Burkina Faso: le CNJ-BF lance la construction d’un centre de psychotraumatologie pour soulager les blessés de guerre

En vue d’assurer une meilleure prise en charge des blessés de guerre, le conseil national de la jeunesse du Burkina Faso (CNJ-BF) à travers le réseau national de la jeunesse pour l’innovation dans le secteur du génie civil et des transports (RNJ/GCT), a initié la construction d’un centre de psycho-traumatologie au sein du camp Aboubacar Sangoulé Lamizana. Les détails du projet ainsi que la maquette dudit centre ont été présentés ce 15 avril 2024 afin de mobiliser la jeunesse autour de sa réalisation.

C’est un centre de psychotraumatologie d’une capacité de 25 lits extensibles, équipé de deux salles d’isolement ainsi que des salles de soins que le CNJ-BF veut bâtir au sein du camp Aboubacar Sangoulé Lamizana. La construction de ce centre se fait dans le but de décongestionner celui déjà existant pour une prise en charge plus efficace des blessés de guerre qui subissent des traumatismes psychologiques.

Pour y arriver, Moumouni Dialla,  président du conseil national de la jeunesse du Burkina Faso (CNJ-BF), a expliqué que la construction du centre sera entièrement confiée à la jeunesse.

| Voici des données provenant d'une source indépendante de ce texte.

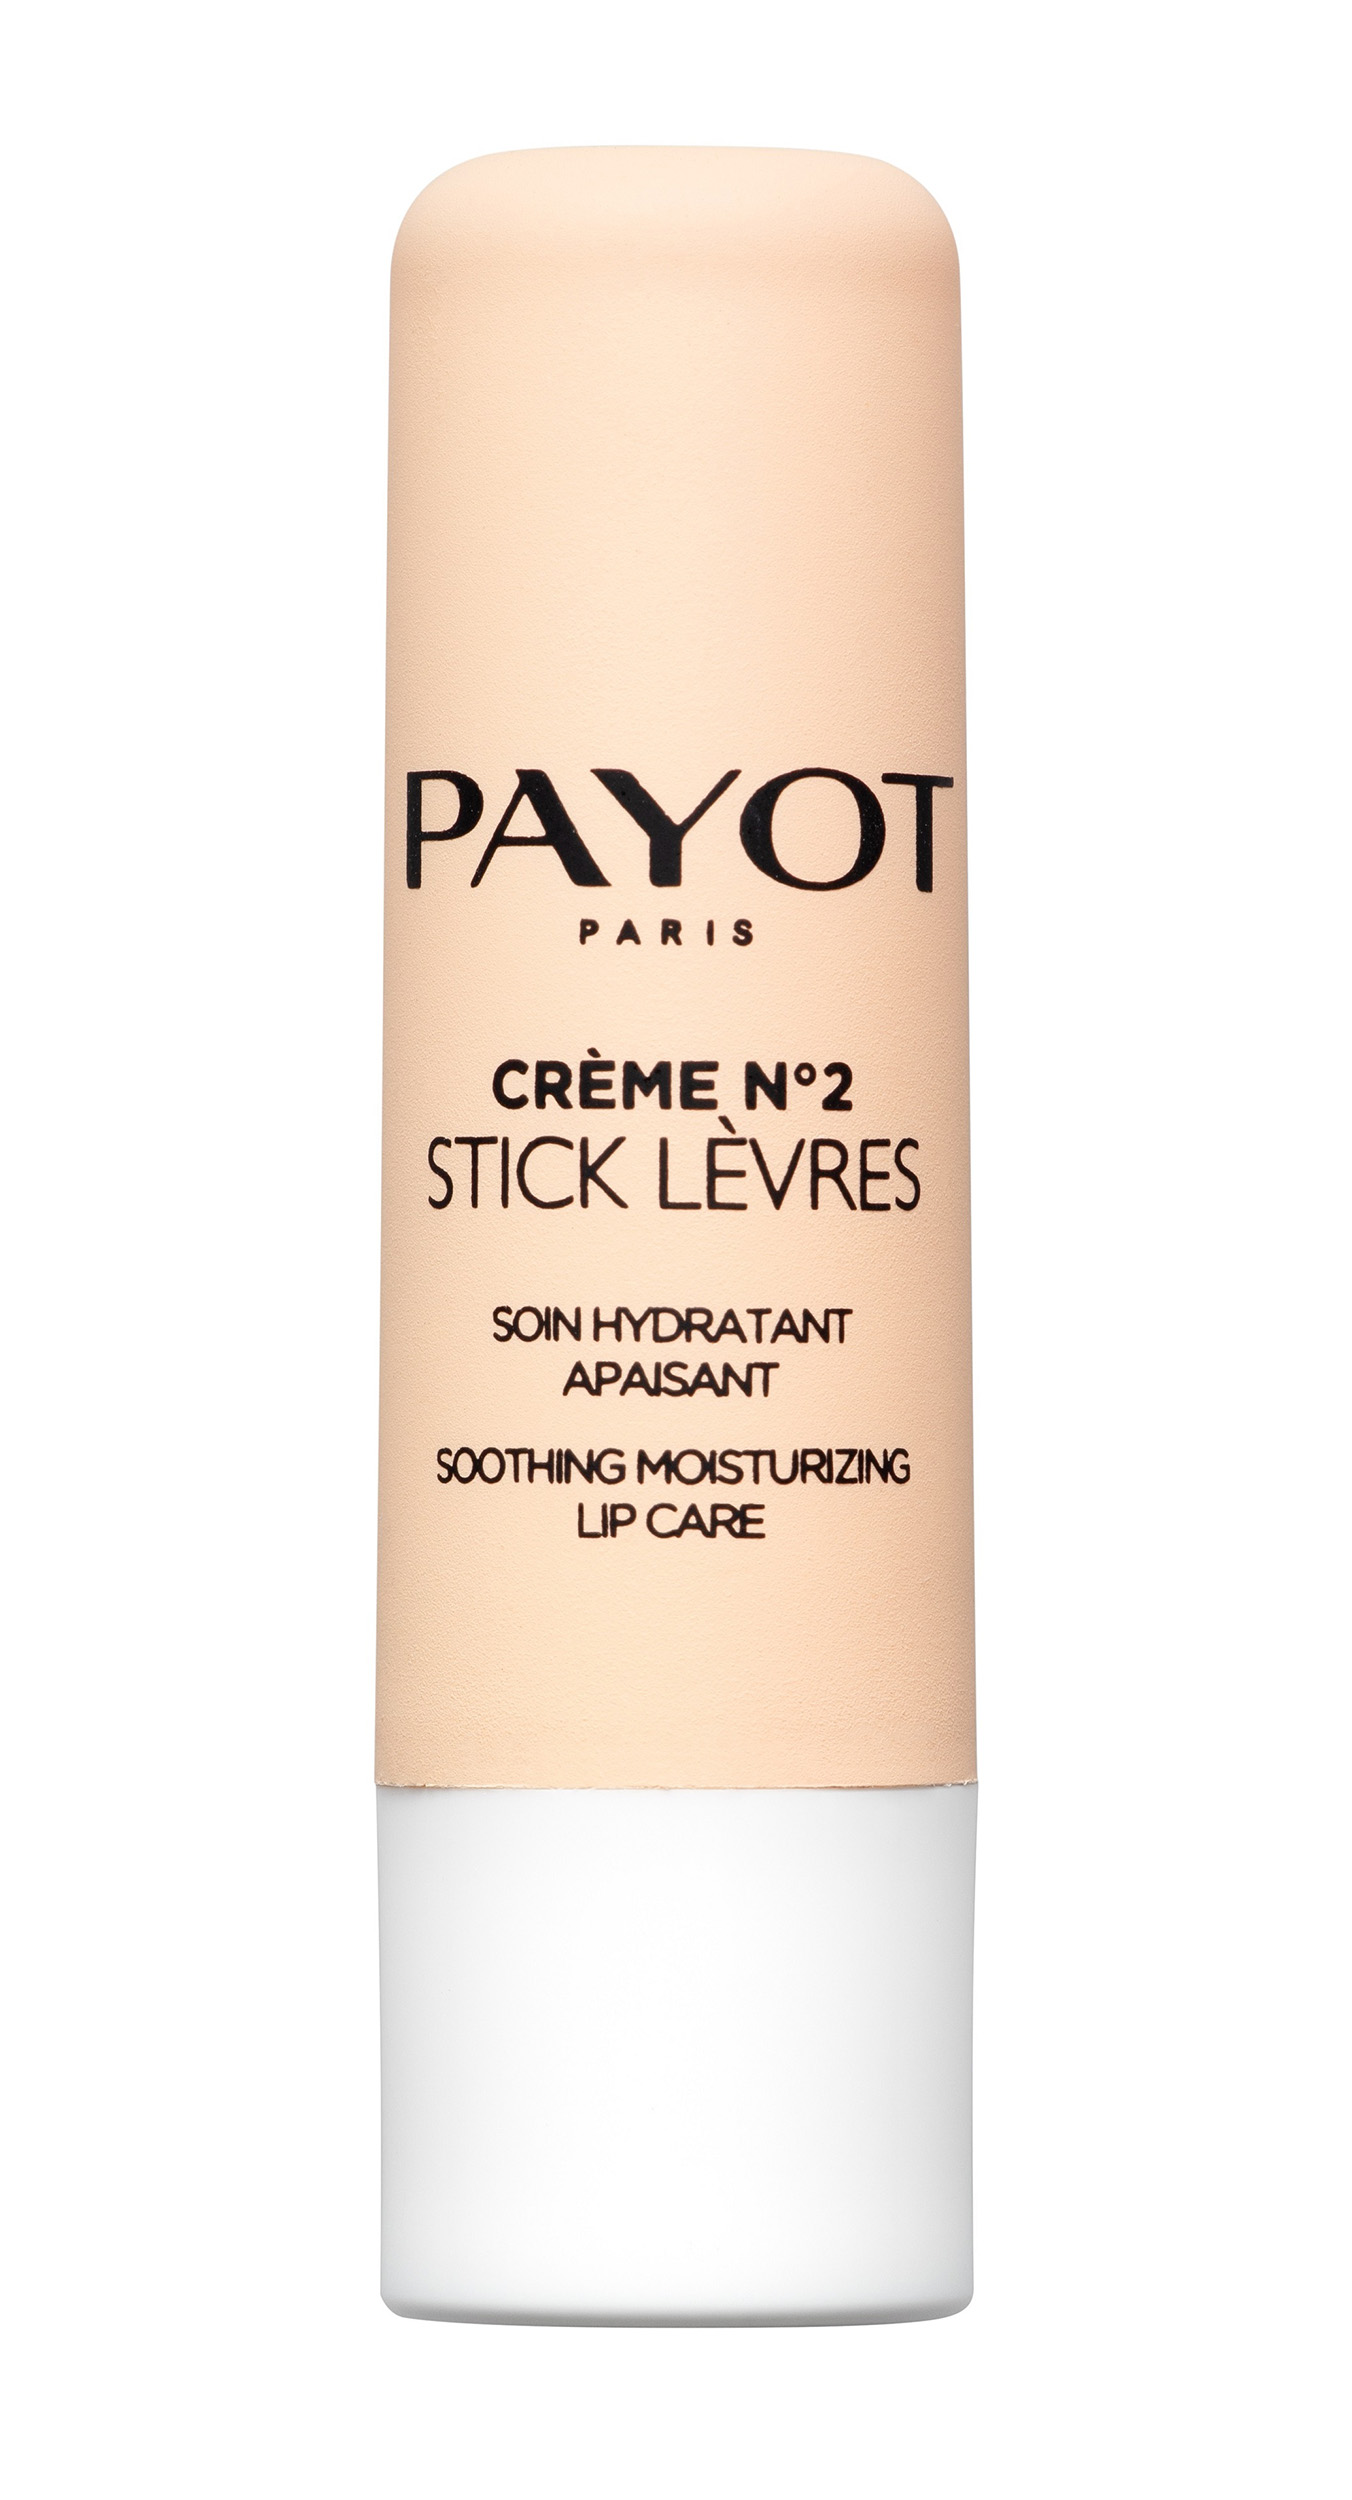 Payot Бальзам увлажняющий и успокаивающий кожу губ, 4 г (Payot, CREME N°2) от Pharmacosmetica.ru

Après la validation de la maquette et l’octroi de l’espace nécessaire par l’État major général des armés, la main d’œuvre  ainsi que le suivi-évaluation des travaux seront assurés essentiellement par la jeunesse, qu’il qualifie de compétente.

« Aujourd’hui, on a des techniciens, on a des compétences dans tous les domaines. On s’est dit que ça soit du point de vue électricité, du point de vue construction, on a des techniciens à mesure d’assurer bien-sûr avec le suivi technique du ministère de l’Urbanisme et aussi l’État major général des armées»,  a-t-il précisé tout en invitant la population à mettre la main à la pâte avec l’apport de matériel de construction.

Les membres du présidium à la presentation du projet Faso7

Du côté de l’État-major général des armés, l’initiative est accueillie favorablement en ce sens que le traumatisme psychologique des blessés de guerre est plus qu’une réalité. Le commandant Aïcha Traoré, représentant l’Etat-major des armées a expliqué que la mise en place de ce centre permettra d’atténuer la stigmatisation du traumatisme psychologique. De ces explications, nombreux sont ceux qui pensent que cet état fait allusion à une maladie psychologique.  Dans ce sens, le centre pourra contribuer à résoudre ce problème.

« Pour nous, avoir un centre de psychotraumatologie, cela va déstigmatiser et permettre que les gens puissent venir plus facilement pour leur prise en charge», a-t-elle ajouté.

Boubakar Savadogo, ministre de la jeunesse et de l’emploi, a quant à lui salué les efforts du CNJ-BF qui s’inscrit dans la dynamique lancée par le président de la transition, le Capitaine Ibrahim Traoré. Il a aussi saisi l’occasion pour inviter tous les réseaux de jeunesse existants à emboîter le pas du conseil afin de contribuer dans la lutte contre le terrorisme.

« J’invite toutes les associations à prendre part de cette lutte, à s’engager autant que possible pour qu’on sache que ces jeunes contribuent. Parce que la construction de ce pays ne peut pas se faire sans l’engagement de la jeunesse», a conclu le ministre.